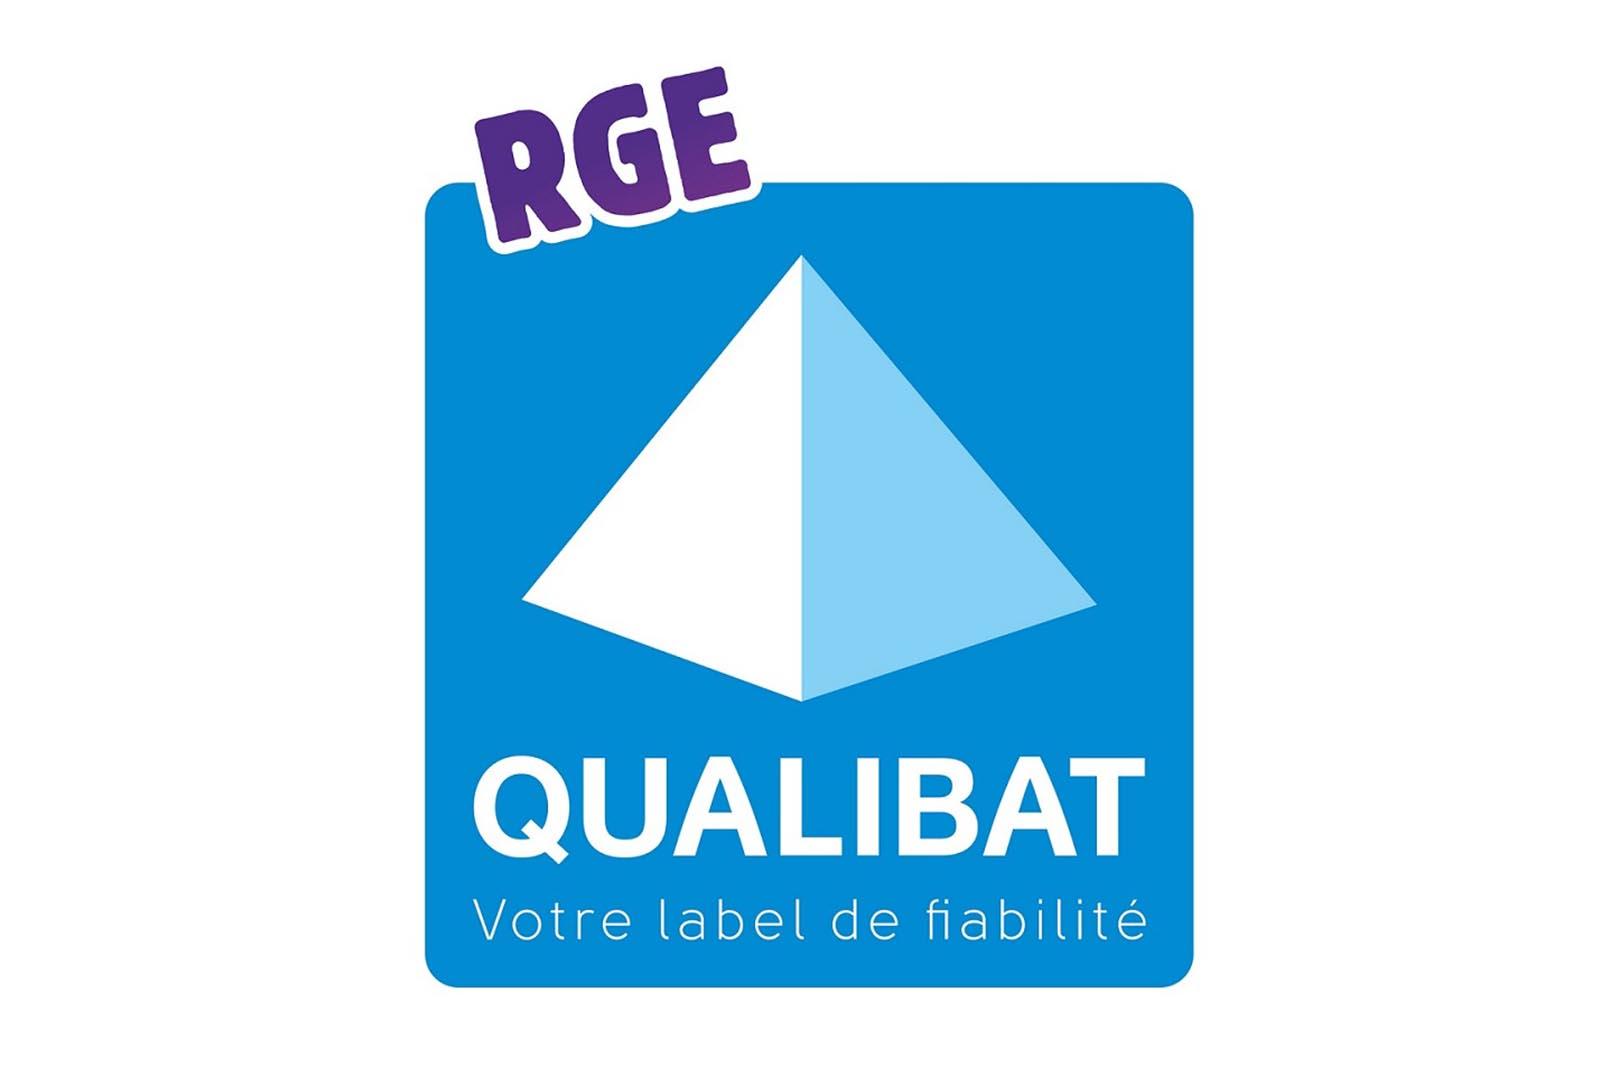 RGE Qualibat, partenaire de RGB
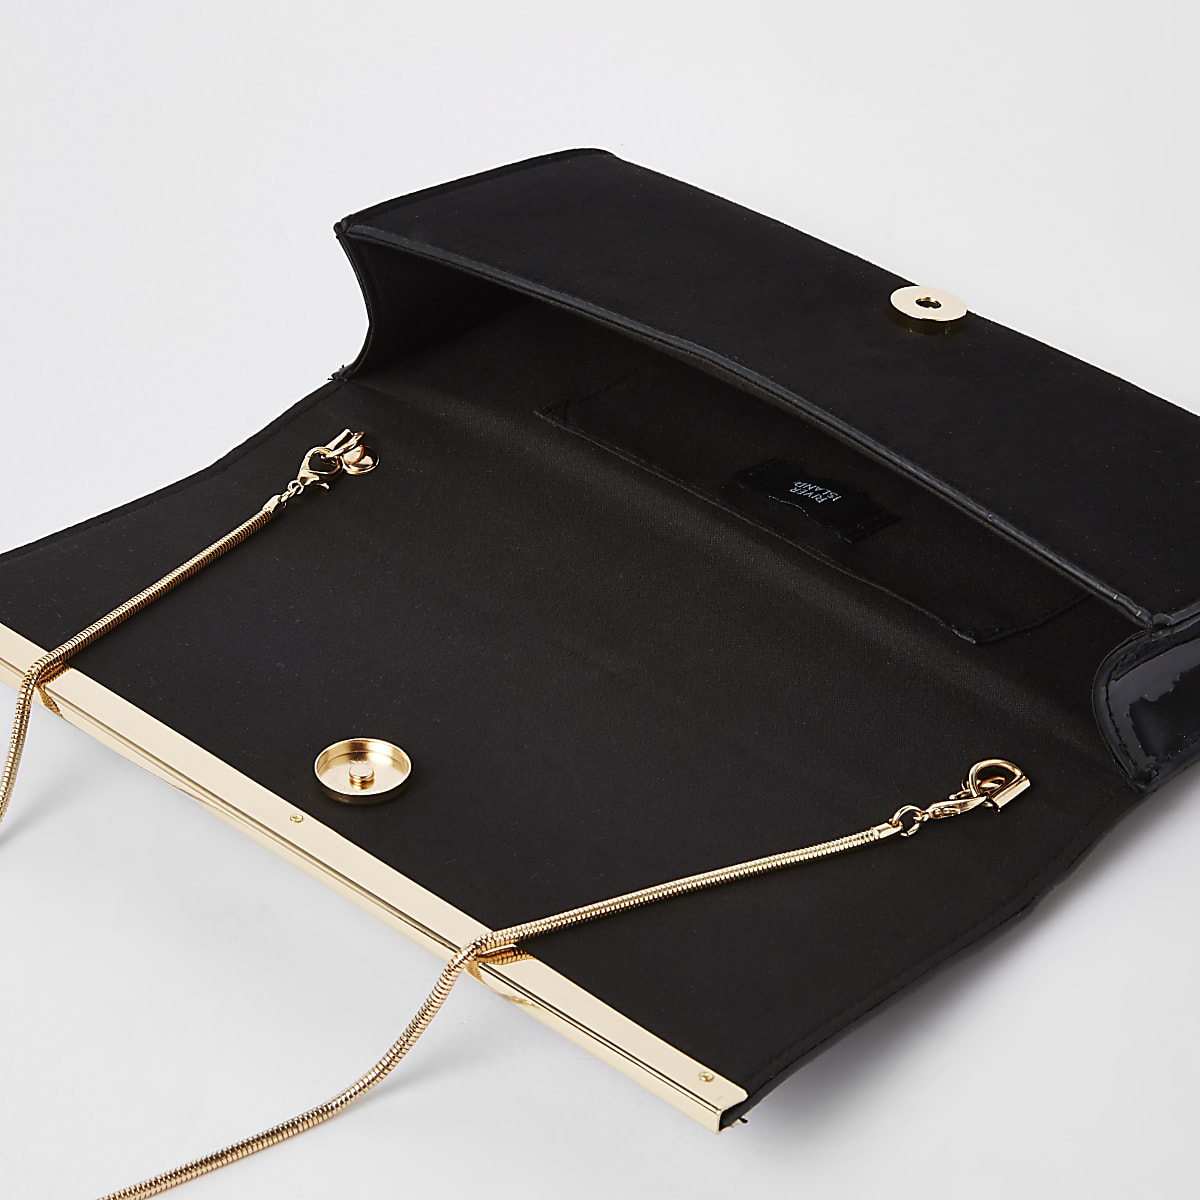 78e0ccacc Black faux suede croc embossed clutch bag - Clutch Bags - Bags ...
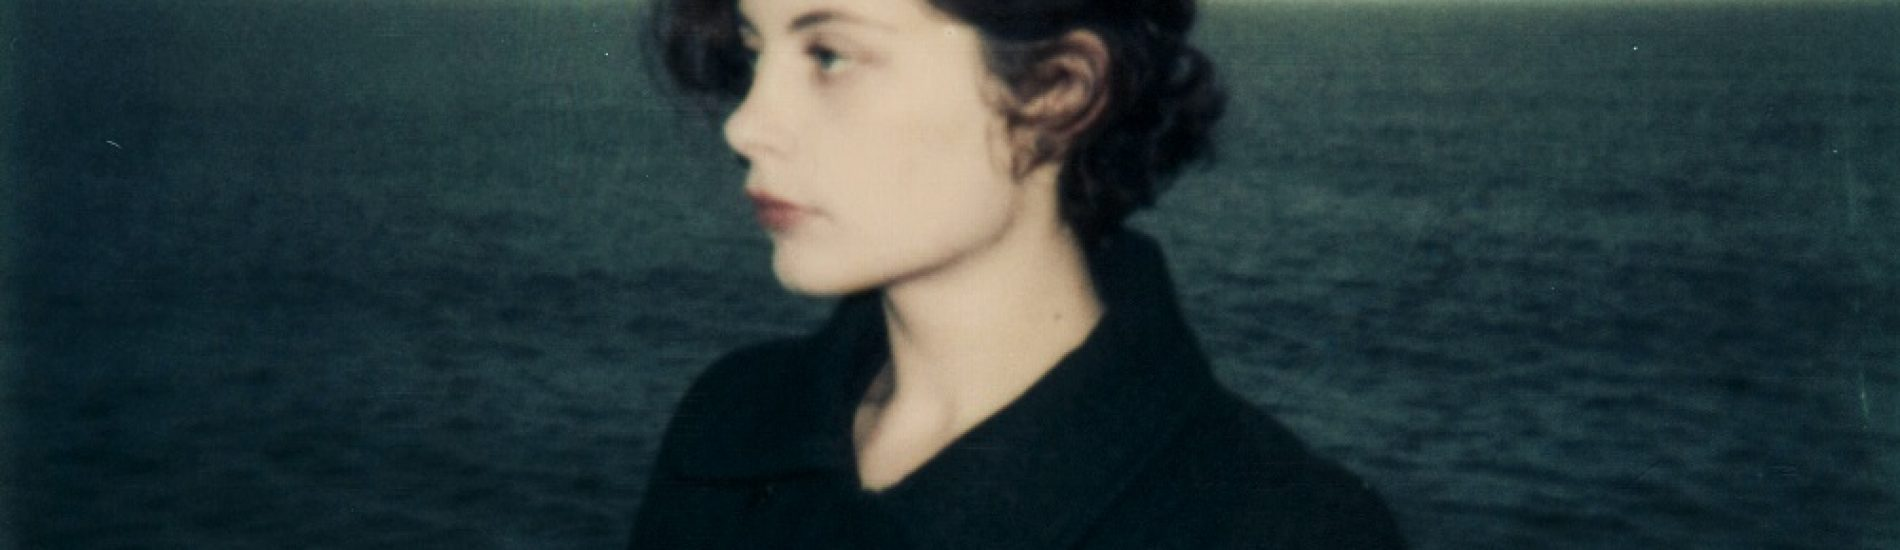 Prezentacja artystki – Olga Anna Markowska

**To do:** Would you return the material exactly, images excluded?

**Final answer:**
 RGE Qualibat, partenaire de RGB
 78e0ccacc Black faux suede croc embossed clutch bag - Clutch Bags - Bags ...
 Prezentacja artystki – Olga Anna Markowska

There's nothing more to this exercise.